Phase noise is the noise spectrum that is seen spreading out on either side of a signal as a result of the phase jitter. In most radio receiver applications the phase noise is quoted in terms of single sideband phase noise. The phase noise spreads out equally either side of the carrier but only one side is measured - hence the name single sideband phase noise.

While specifying phase noise, three elements need to be specified:

1. Phase Noise Amplitude: It is expressed in dB relative to the carrier. This is normally denoted in dBc, e.g. -70 dBc - 70 decibels down in level from the carrier.

2. The offset from the carrier: Ex. 1 kHz, 10 kHz, 100 kHz.

3. Measurement bandwidth: Noise power is proportional to the bandwidth so it should be always mentioned. Typically 1 Hz is taken as the bandwidth.

While a noiseless oscillatory circuit produces an ideal periodic signal, fundamental physical noise processes, such as thermal or flicker noise, cause variations in the oscillator's phase. Phase Noise is defined as a quantity in frequency domain relating to the power spectral density of these statistical phase shifts. Due to the way device noise is upconverted to phase noise, a typical phase noise spectrum can be described by the Leeson equation: While at high frequency components a constant noise floor is observed, moving towards lower frequency components the phase noise first rises with a 1/f²-dependence and starting at a circuit-specific corner frequency with a 1/f³-dependence due to flicker noise contributions.
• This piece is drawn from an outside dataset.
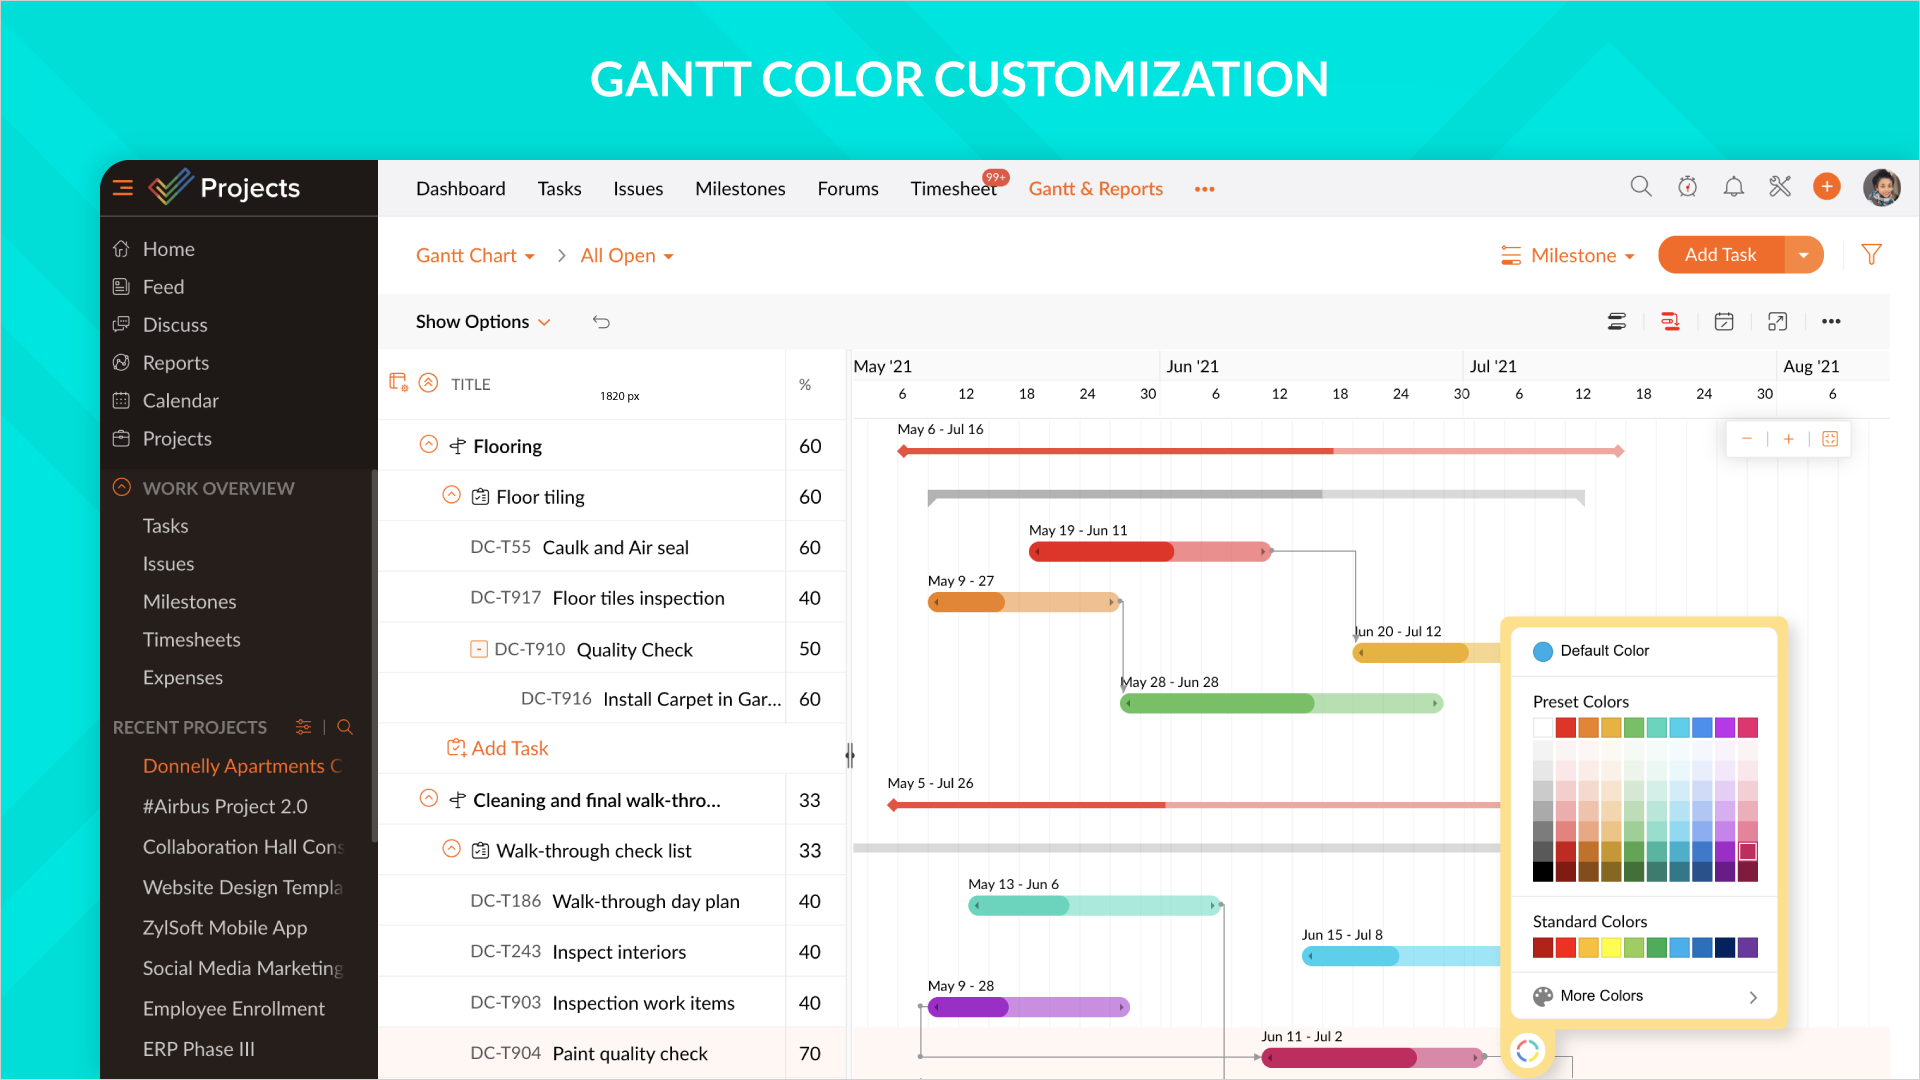 Gantt color customization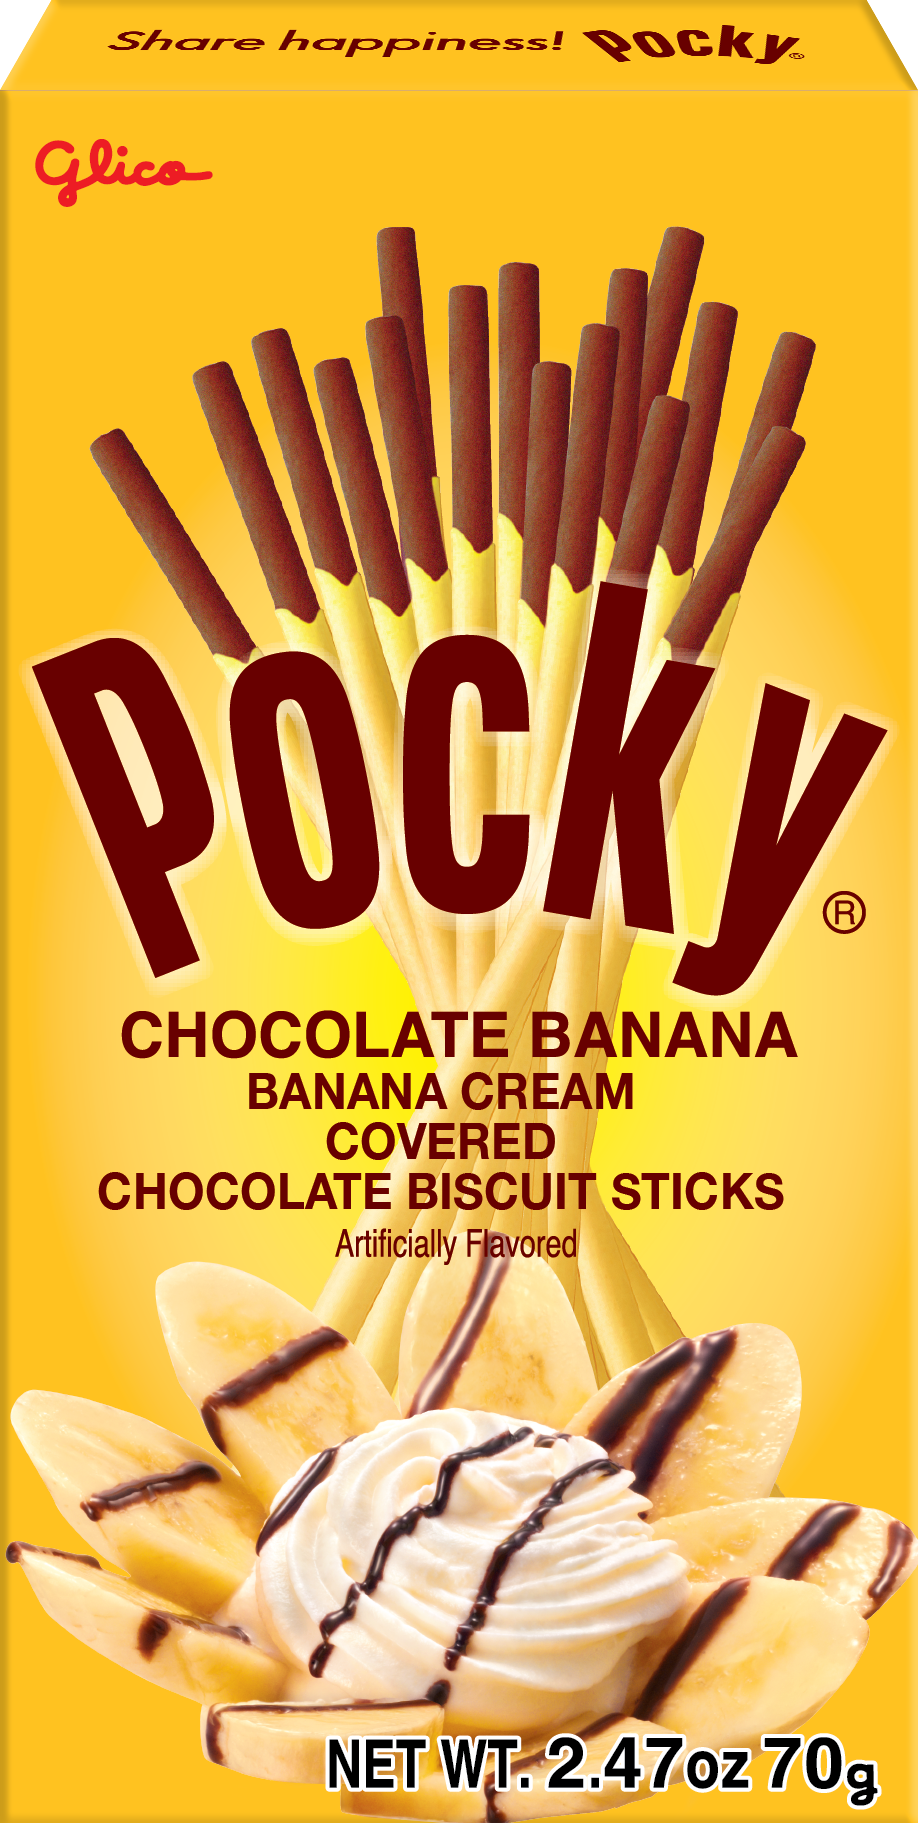 Pocky Chocolate Banana 2.47oz | Ezaki Glico USA Corporation

Since the 1999 redefinition of phase noise by the IEEE the power spectrum of the signal is only an approximation of the phase noise spectrum valid for a limited frequency range. Since the current definition does not relate to actual physical power the phase noise spectrum (other than the voltage spectrum) extends towards infinity for lower frequency components. While the real units are now in rad²/Hz, the historic unit dBc/Hz is still used as the now defined unit of phase noise.

Roland Teoh - Dynamic Engineers

Phase noise is a kind of specification which indicates short time frequency stability in the frequency domain. The unit of phase noise is -dBc/Hz @ offset frequency, for example: -130 dBc/Hz @ 100 Hz offset. This means when frequency offset is 100 Hz, the phase noise is -130 dBc/Hz. A higher absolute value of the phase noise is better.

Most RF systems require an overall integrated phase noise specification to be met, as phase noise can corrupt both the upconverted and down-converted signal paths. For digital systems, the integrated phase noise can be converted and expressed as phase jitter (phase noise in the time domain). Please note that phase noise just indicates short time frequency stability. If one needs to confirm long time frequency stability, one needs to refer to the specification "Aging".